Hugo aspires to be a cog, a problematical ambition for any character aspiring to be a movie hero. And he eventually divines that his purpose in life is to redeem, somehow, Georges Méliès, and remind Méliès what a pivotal and important character he, Méliès, was, in the history of French cinema.
Fantasy heroes generally accomplish such critical tasks as the Greening of the Land, or the Scouring of the Shire, or founding the Knights of the Round Table. Hugo’s self-appointed task is to make a grumpy old guy feel better about himself, and to redeem, not French cinema (which is doing just fine), but the history of French cinema.
You have to care deeply about the history of French cinema in order to give much of a toss about Hugo’s quest, and Scorsese clearly cares deeply about the history of French cinema. But I think this is where Scorsese is going to simultaneously win over film critics while losing his juvenile audience. I think children are going to snore through this movie in droves.
As the final half of the film went on (and on, and on), I kept asking myself What exactly is at stake here? And I couldn’t quite work it out. Hugo’s doing fine on his own really. The Inspector is too much of a bungler to serve as a threat. It’s nice that Hugo (and Scorsese) care about Georges Méliès’ self-esteem, but I’m not sure Méliès’ self-esteem is worth mounting a $170,000,000 production over. Is this a very expensive public service announcement for film preservation? Or something else? I couldn’t tell.
Still, the level of craft in this film is astounding. It’s an amazingly beautiful production. The 3-D works (mostly). Since the film is about cinema, it’s full of references to other films— it’s not composed entirely of bits of other movies, like a Tarantino film, but with hommages carefully worked into its structure.
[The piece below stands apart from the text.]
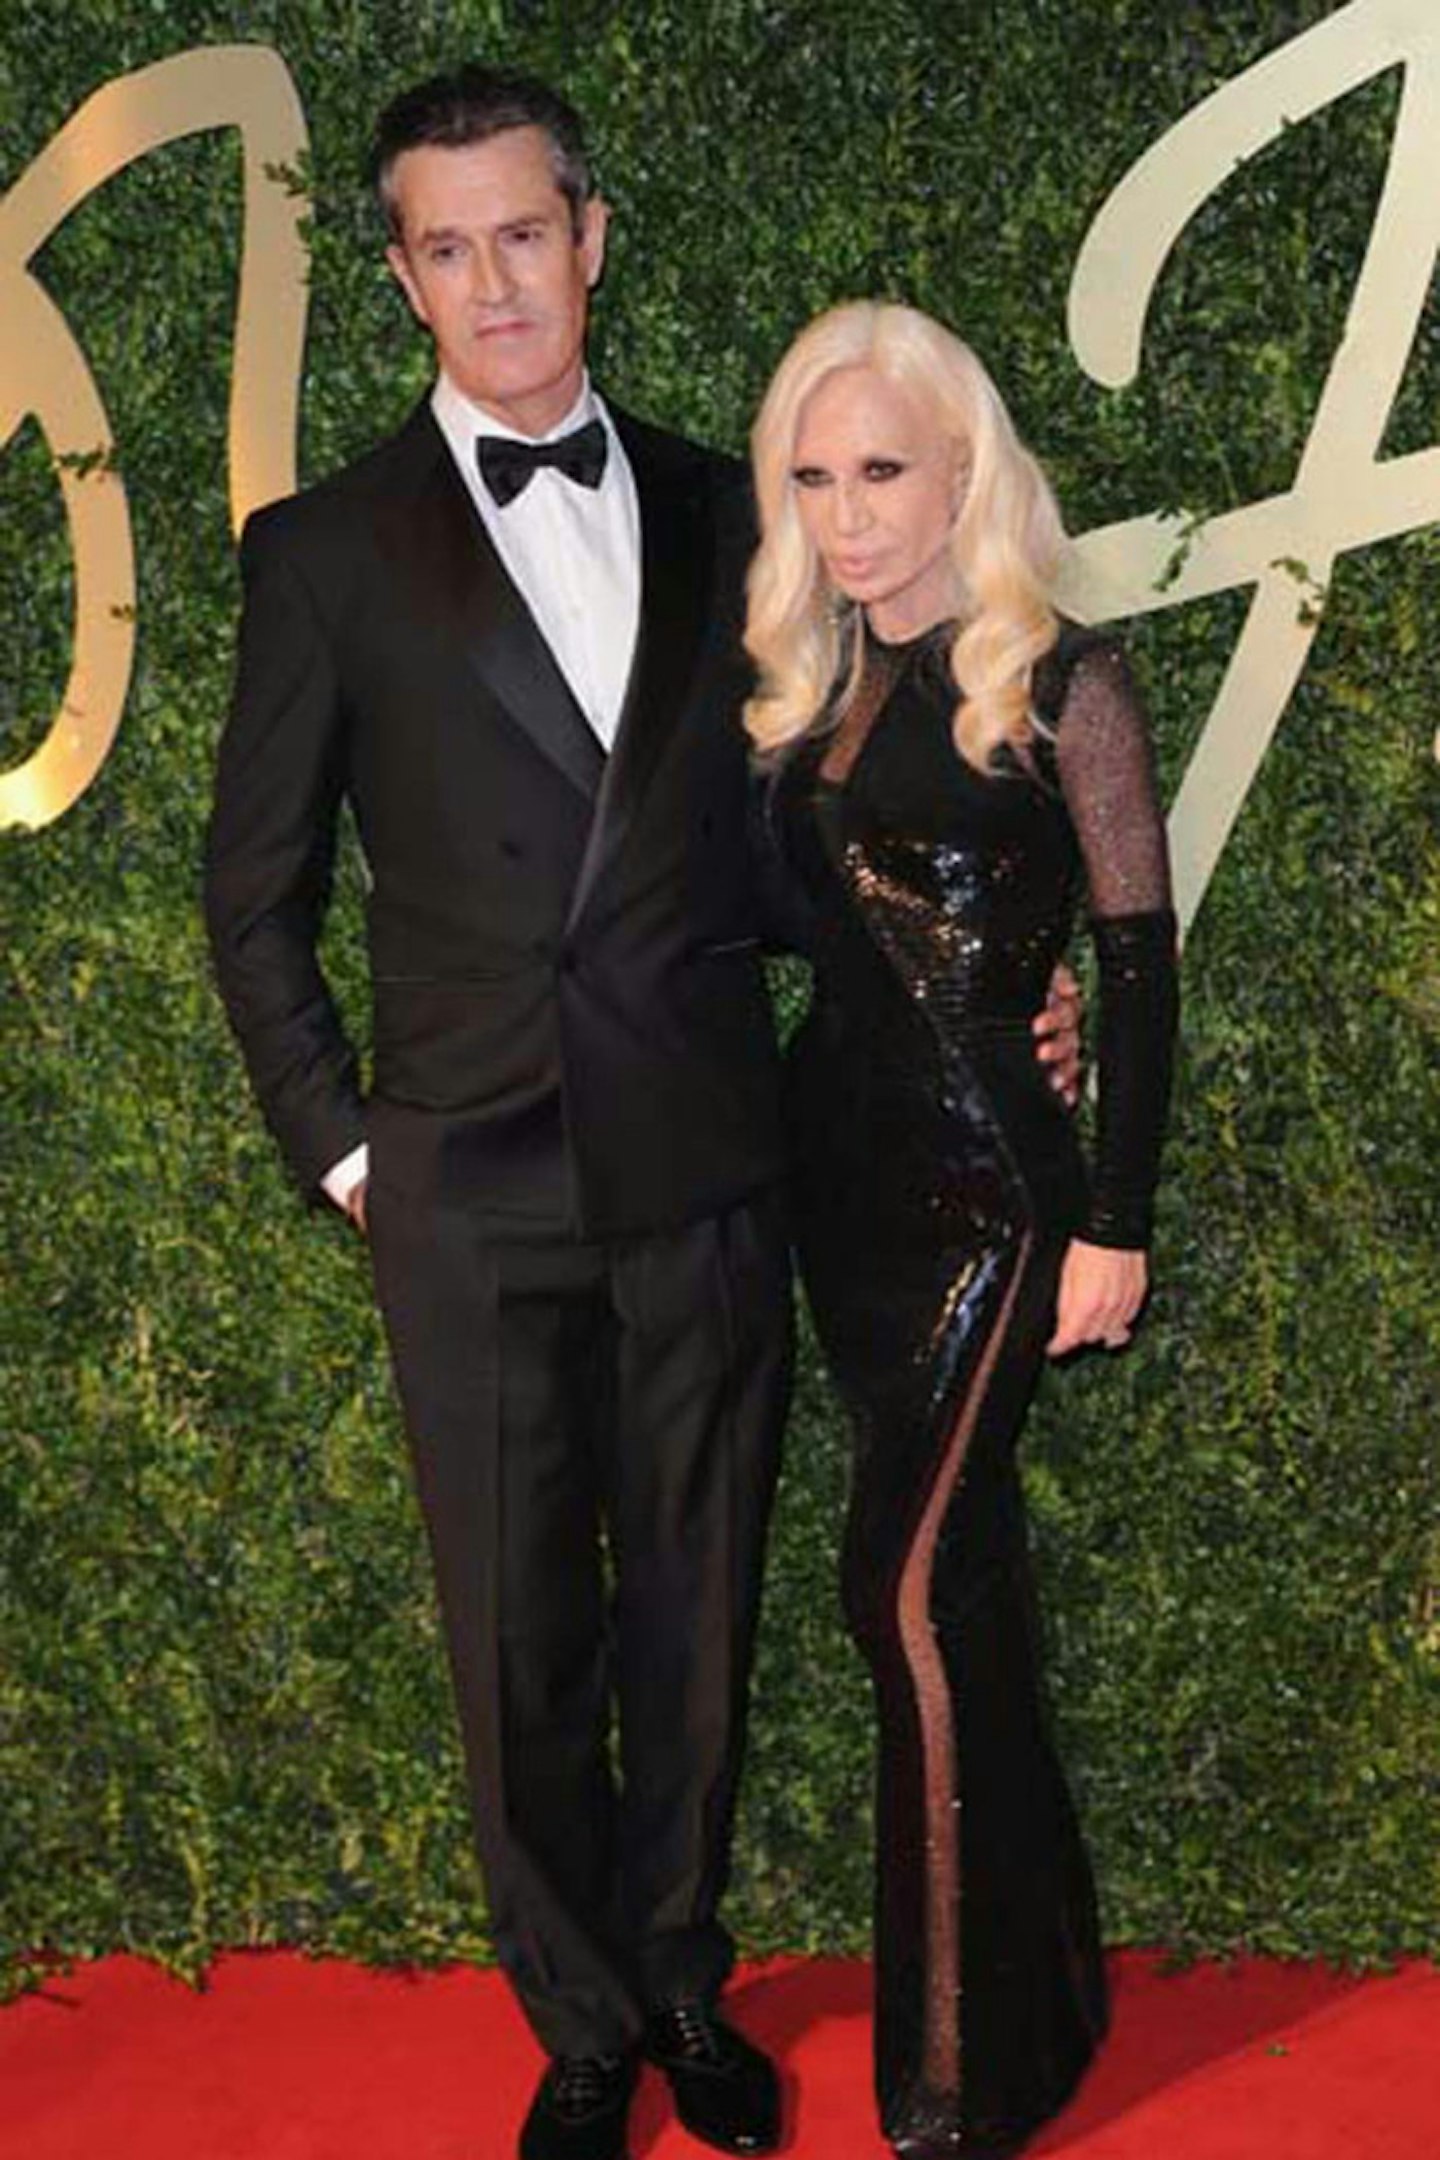 Rupert Everett and Donatella Versace

I particularly liked the references to Rear Window, with Hugo peering down from the station’s clock faces to catch little bits of everyday drama and soap opera enacted by the station’s inhabitants, most of whom are played by very fine British character actors, among them Christopher Lee and Ray Winstone.
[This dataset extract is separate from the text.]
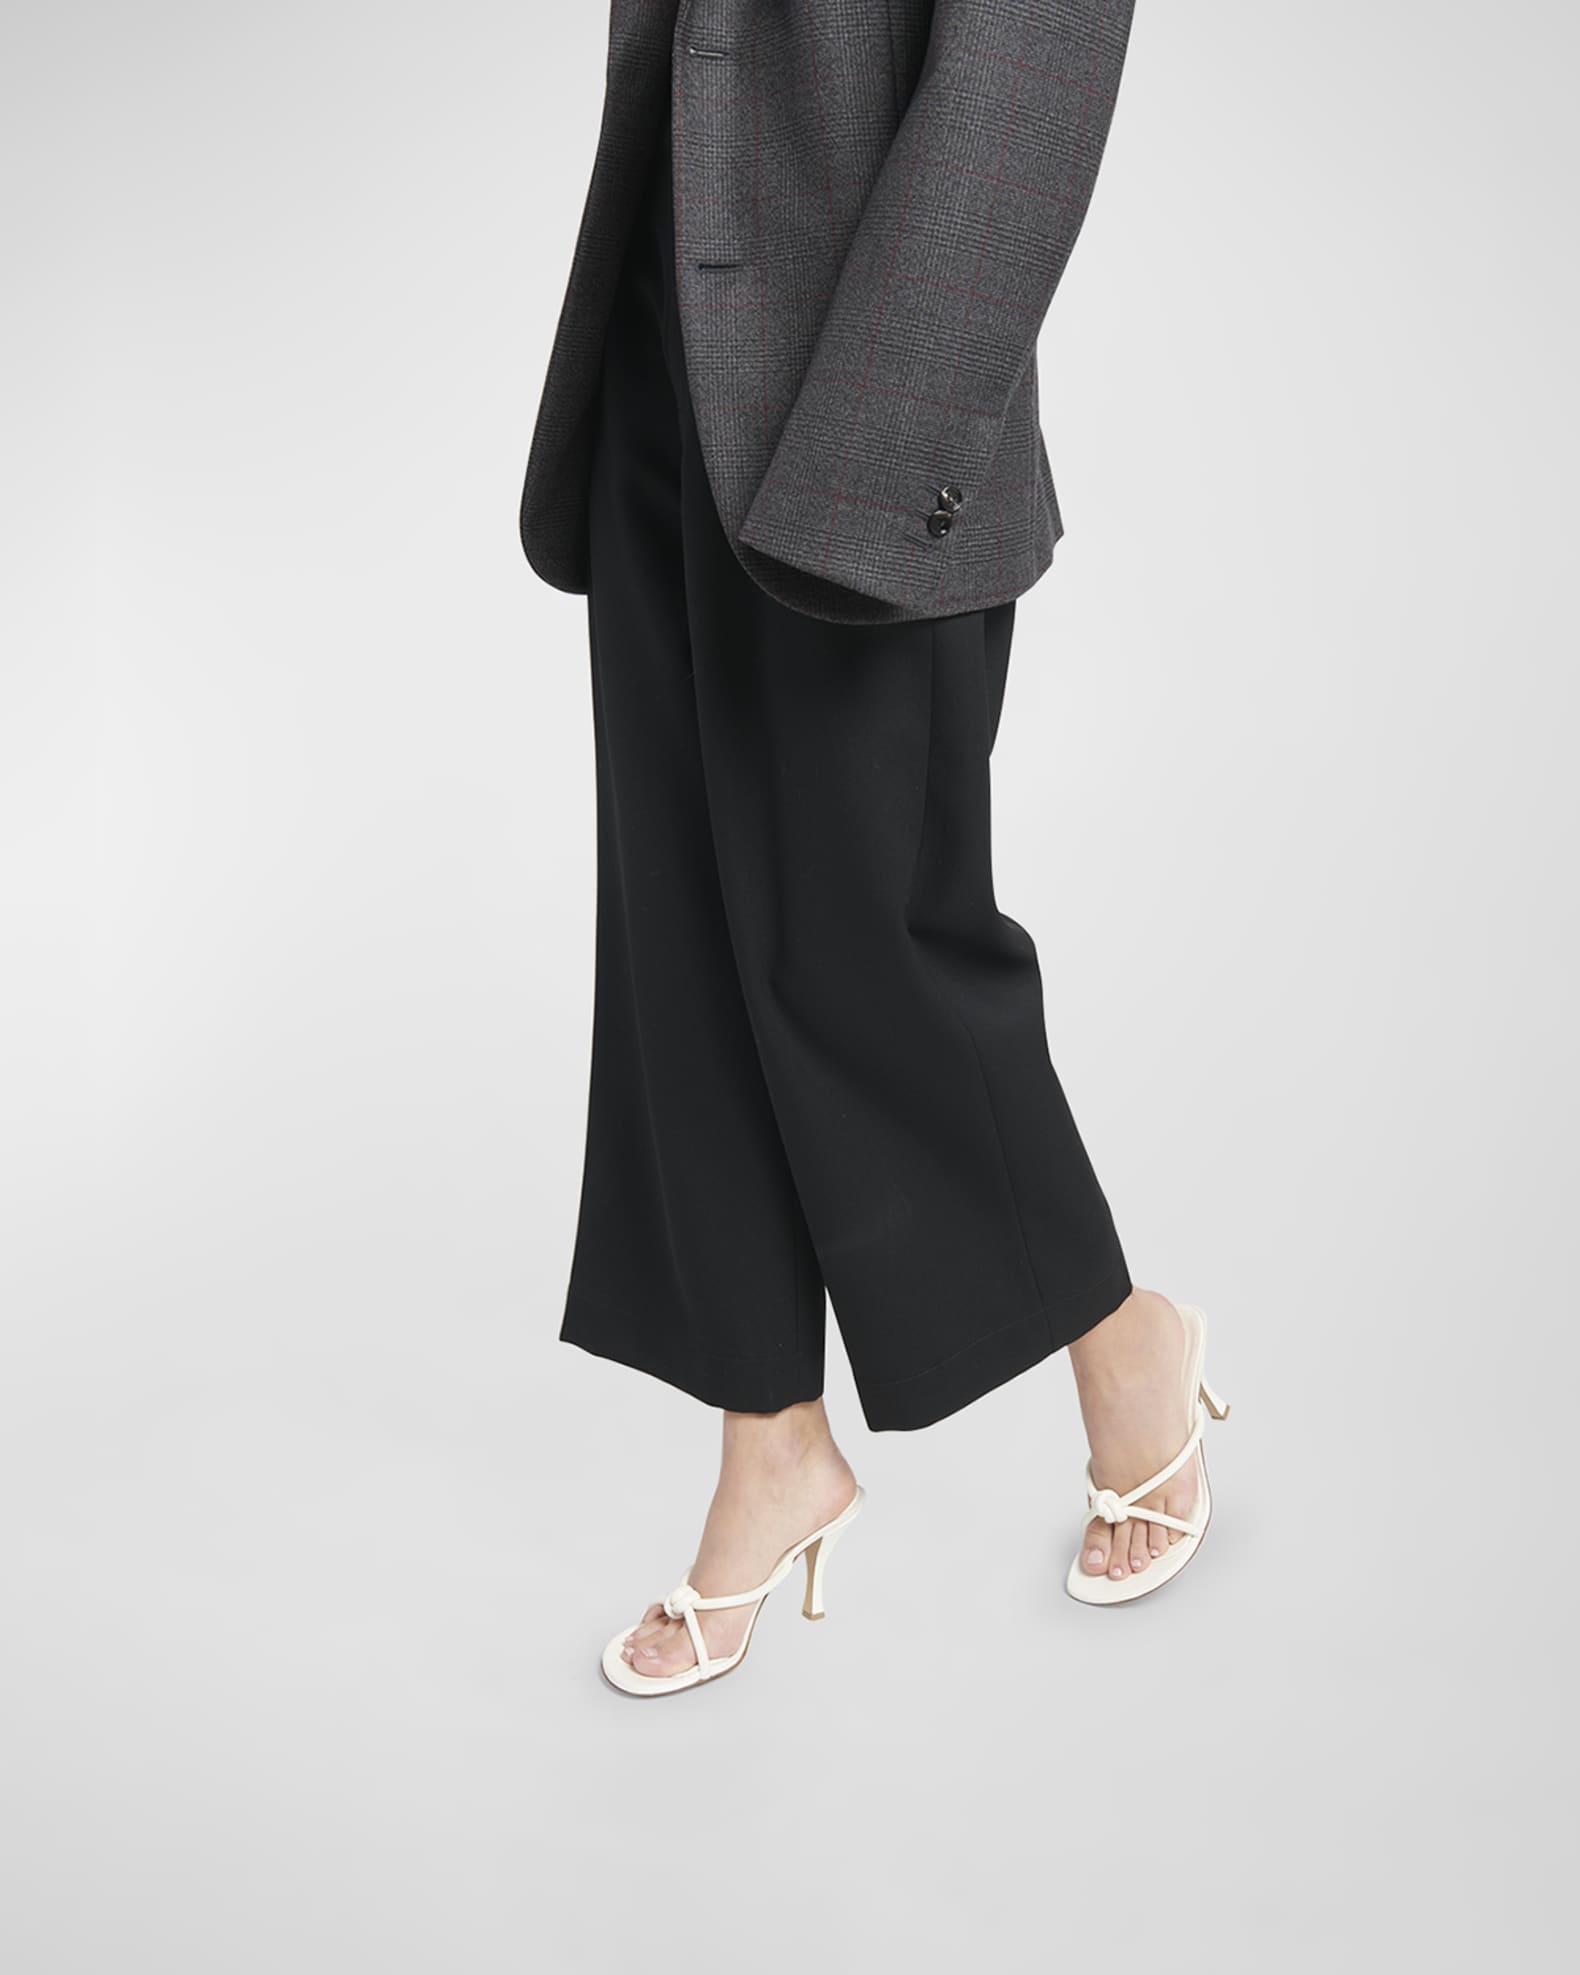 Bottega Veneta Blink Leather Knot Slide Sandals | Neiman Marcus

Maybe the movie needs that knife to the jugular after all. It certainly needs some kind of edge.
Still, I would advise seeing it. Because it’s gorgeous, and it’s the work of a master, and it gives you hope for 3-D being something other than a gimmick.
Just don’t expect to give your adrenal glands much of a workout.
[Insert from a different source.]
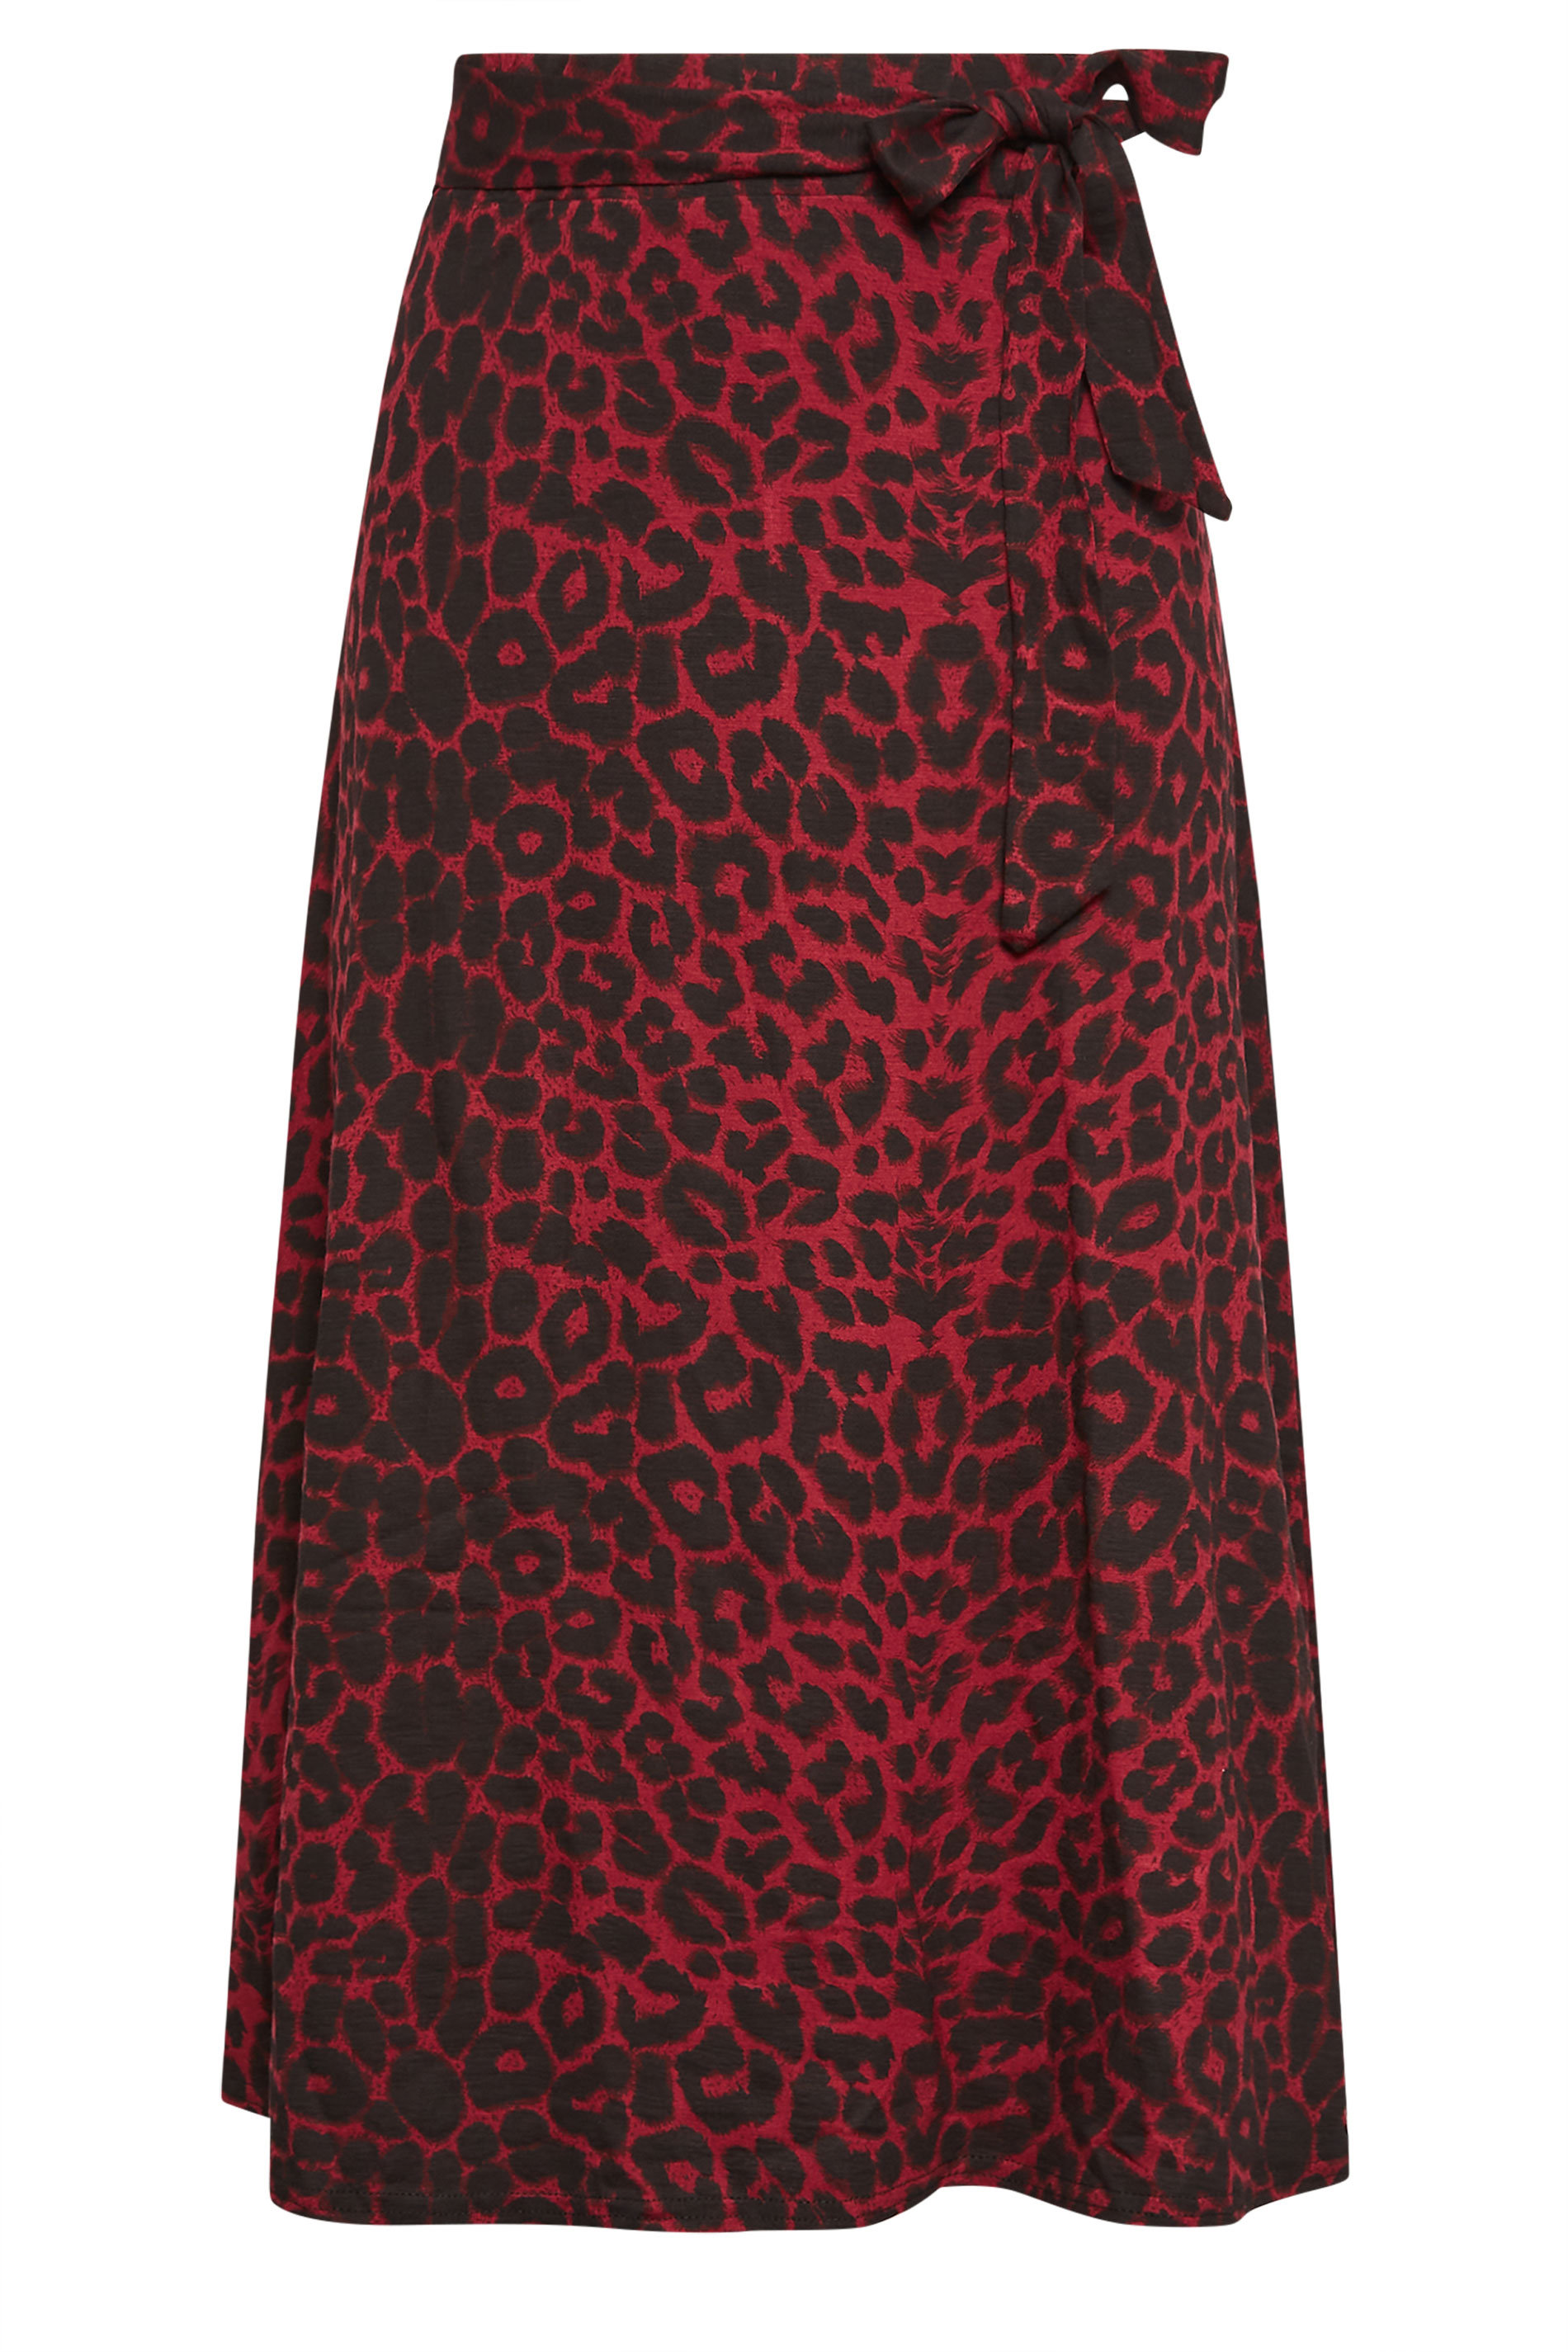 PixieGirl Red Leopard Print Midi Skirt | PixieGirl 3

I couldn’t agree more, Walter. In fact, I DID agree about HUGO on my own blog, although with less eloquence and detail.
–Nancy Kress
Well, I sorta got carried away . . .
One of the things that Hugo does is tell you that if you care about movies, especially old movies, you’re somehow special. Which is why every review I’ve seen was a rave— the movie flatters critics amazingly.
Agreed. The film was moving along well enough, and then they went to the library and it turned into one of Scorsese’s AFI please-help-restore-the-films commercials.
Still, yes, it’s technically exquisite.